De novo mutation in SLC25A22 gene: expansion of the clinical and electroencephalographic phenotype
Published in Journal of Neurogenetics, 2021
Antonio Gennaro Nicotera, Daniela Dicanio, Erica Pironti, Maria Bonsignore, Anna Cafeo, Stephanie Efthymiou, Patrizia Mondello, Vincenzo Salpietro, Henry Houlden, Gabriella Di Rosa
OS is a rare and severe disease affecting infants within the first 3 months of life. Tonic spasms are the most common seizures and can occur as a cluster or single episodes and be refractory to treatment. Focal and myoclonic seizures can also occur. The electroencephalogram (EEG) is characterized by a burst-suppression pattern both in waking and sleeping states (Mastrangelo & Leuzzi, 2012). OS phenotype caused by SLC25A22 mutations mostly overlaps with other OS forms associated with other genes’ mutations (i.e.: CDKL5 or ARX) (Sartori et al., 2011).

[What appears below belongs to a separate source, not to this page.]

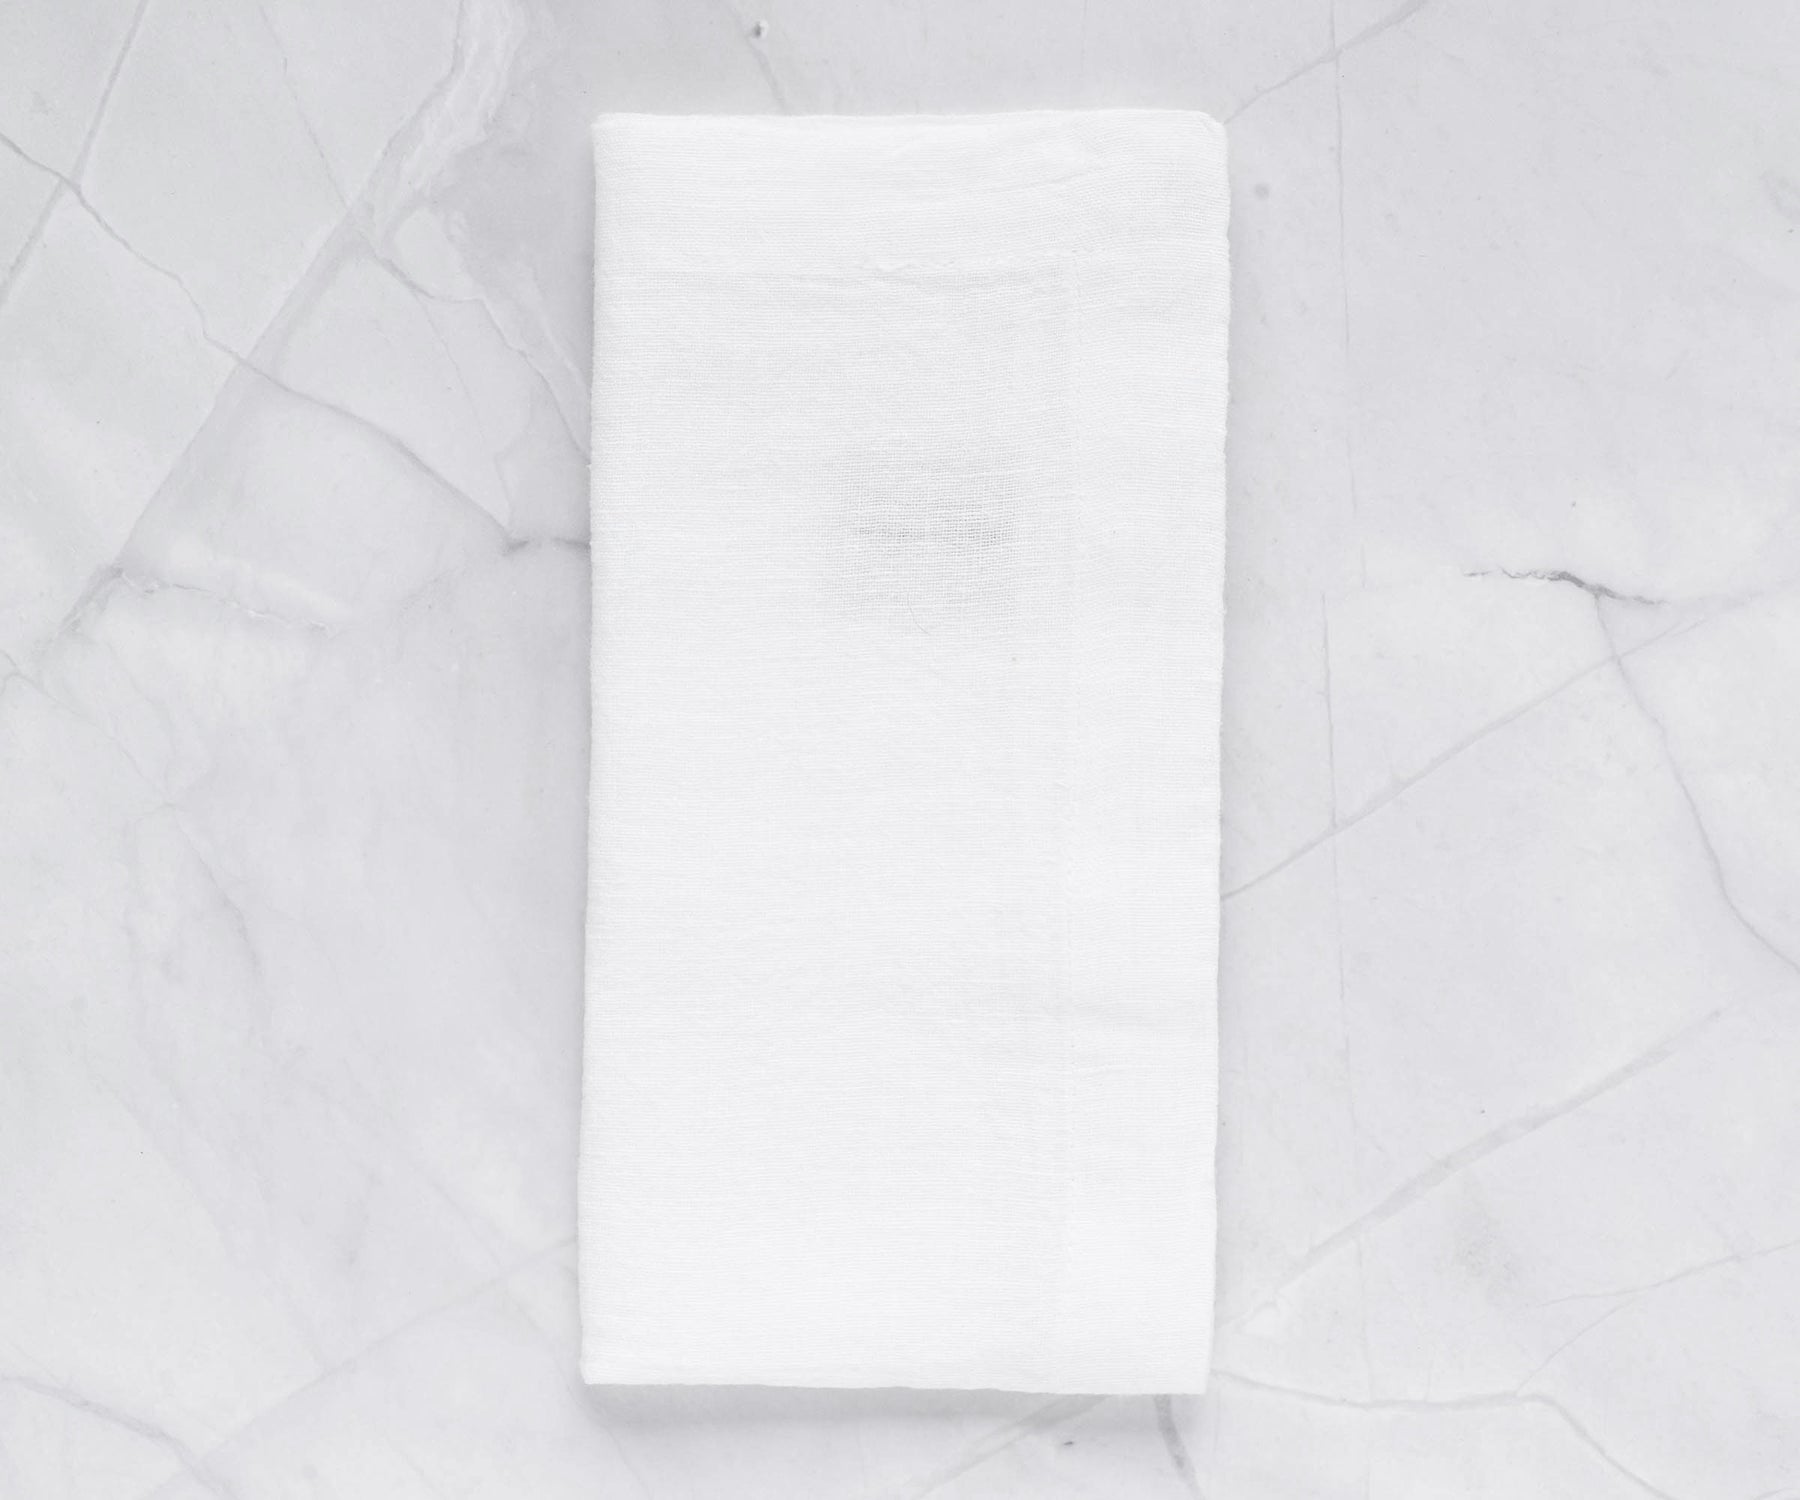 White linen napkin resting on a marble surface with soft lighting

It is featured by myoclonic seizures within the first month of life and late-onset tonic spasms, hypotonia, microcephaly, abnormal visual evoked potential (VEP), and electroretinogram (Mastrangelo & Leuzzi, 2012). EME is a rare epileptic encephalopathy characterized by erratic myoclonus and refractory partial seizures with neonatal or early infantile-onset and suppression-burst EEG pattern during sleep. EME may be caused by metabolic disorders, such as non-ketotic hyperglycinemia and organic acidemias, or genetic disorders due to mutations in ERBB4, SIK1, SLC25A22, KCNQ2 and GABRB2 genes (Giacomini et al., 2019; Mastrangelo & Leuzzi, 2012). MMPSI is a severe and rare epileptic encephalopathy. EEG abnormalities involve different regions of the brain, migrating from one region to another one and leading to focal seizures, which are typically multifocal, independent, and drug-resistant. To date, KCNT1, PLCB1, SCN1A, SCN8A, TBC1D24 and SLC25A22 are the genes associated with MMPSI (Poduri et al., 2013; Striano, Coppola, Zara, & Nabbout, 2014).